Jakarta | Jurnal Inspirasi
Dewan Pers dan Aliansi Jurnalis Independen (AJI) telah berupaya mendesak dikeluarkannya pasal mengenai pers dari Omnibus Law. Salah satu yang paling disorot oleh awak pers yakni pasal 18, khususnya ayat (3) dan (4) lantaran dianggap membuka ruang intervensi pemerintah terhadap kebebasan dan kemandirian pers.
Hingga pada Juli lalu, pemerintah dan DPR akhirnya menghapus pasal tersebut.Meski begitu, penolakan terhadap RUU ini terus bergulir. Namun, pemerintah dan DPR juga tak hilang akal dan niat. Mereka terus melakukan pembahasan terhadap sejumlah klaster di Badan Legislasi (Baleg) DPR, bahkan pembahasan mereka lakukan saat akhir pekan.
Pada Agustus lalu, Ketua Komnas HAM Ahmad Taufan Damanik mengeluarkan rekomendasi agar pembahasan Omnibus Law tidak dilanjutkan. Taufan menganggap pembahasan RUU ini tergesa-gesa dan sangat kecil ruang partisipasi bagi masyarakat.
“Dalam rangka penghormatan, perlindungan, pemenuhan HAM bagi seluruh rakyat Indonesia. Juga untuk mencegah terjadinya komplikasi sistem politik, sistem hukum, tata laksana, dan lain-lain,” kata Taufan dikutip dari CNN, Selasa (6/10).
Meski gelombang penolakan baik dari buruh, tokoh agama, hingga aktivis semakin kencang, pemerintah dan DPR justru makin gencar membahas dan menyelesaikan RUU itu agar bisa kelar sebelum reses DPR yang dijadwalkan pada Oktober ini.
Paling menarik, pertengahan Agustus lalu, secara terbuka pemerintah mengkampanyekan RUU ini melalui sejumlah pesohor tanah air.
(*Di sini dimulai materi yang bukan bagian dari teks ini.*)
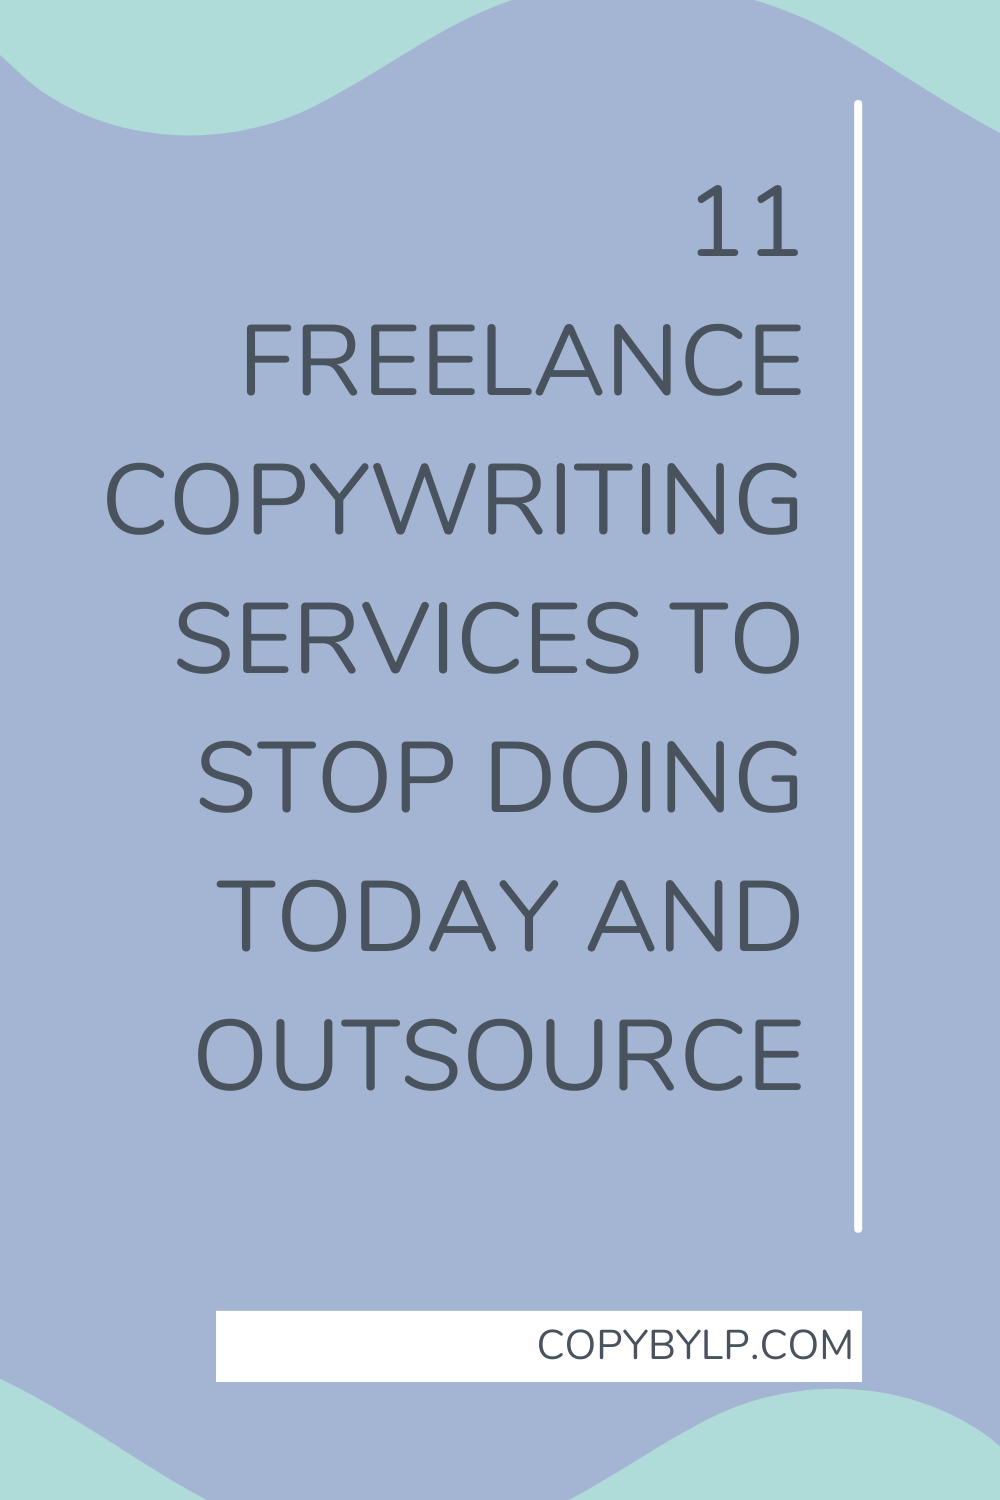 11 freelance copywriting services to stop doing today and outsorce

Mereka mengkamapanyekan RUU ini melalui media sosial yang telah diikuti puluhan juta masyarakat.
Mereka mengkampanyekan Omnibus Law dengan tagar #IndonesiaButuhKerja. Para pesohor ini disebut-sebut menerima bayaran mulai dari Rp5 juta hingga Rp10 juta perunggahan.
Gelombang penolakan masih terus bergulir sampai hari ini. Alih-alih mendengar, pemerintah dan DPR justru tancap gas agar RUU Ciptaker bisa selesai tahun ini seperti yang diiginkan Jokowi.
Baleg DPR bahkan sampai semangat membahas RUU tersebut pada akhir pekan. Hingga akhirnya pada Sabtu (3/10), DPR dan Pemerintah melakukan pembicaraan tingkat satu dan menyetujui agar RUU ini dibawa ke Rapat Paripurna untuk pengambilan keputusan dan mendapatkan pengesahan.
Buruh dan masyarakat serta mahasiswa memutuskan turun ke jalan untuk memperjuangkan agar RUU Ciptaker tersebut tak jadi disahkan. Bahkan kaum pekerja merencanakan mogok nasional selama tiga hari, 6 sampai 8 Oktober untuk menolak RUU tersebut disahkan.
Dalam jadwal semula, Rapat Paripurna akan digelar pada Kamis 8 Oktober. Sementara reses anggota dewan dimulai pada 9 Oktober.
Lagi-lagi DPR mempercepat pengambilan keputusan RUU Ciptaker dengan alasan wabah Covid-19 di DPR semakin tinggi. Penutupan masa sidang dan rapat pengambilan keputusan RUU tersebut akhirnya dilakukan Senin (5/10) secara tiba-tiba. Sedangkan reses para wakil rakyat menjadi 6 Oktober.
Percepatan pengambilan keputusan ini diduga kuat karena buruh dan masyarakat luas berencana melakukan aksi serentak mulai 6 sampai 8 Oktober. Meskipun RUU Ciptaker telah disahkan menjadi UU, buruh dan masyarakat lainnya tetap turun ke jalan menolak RUU tersebut.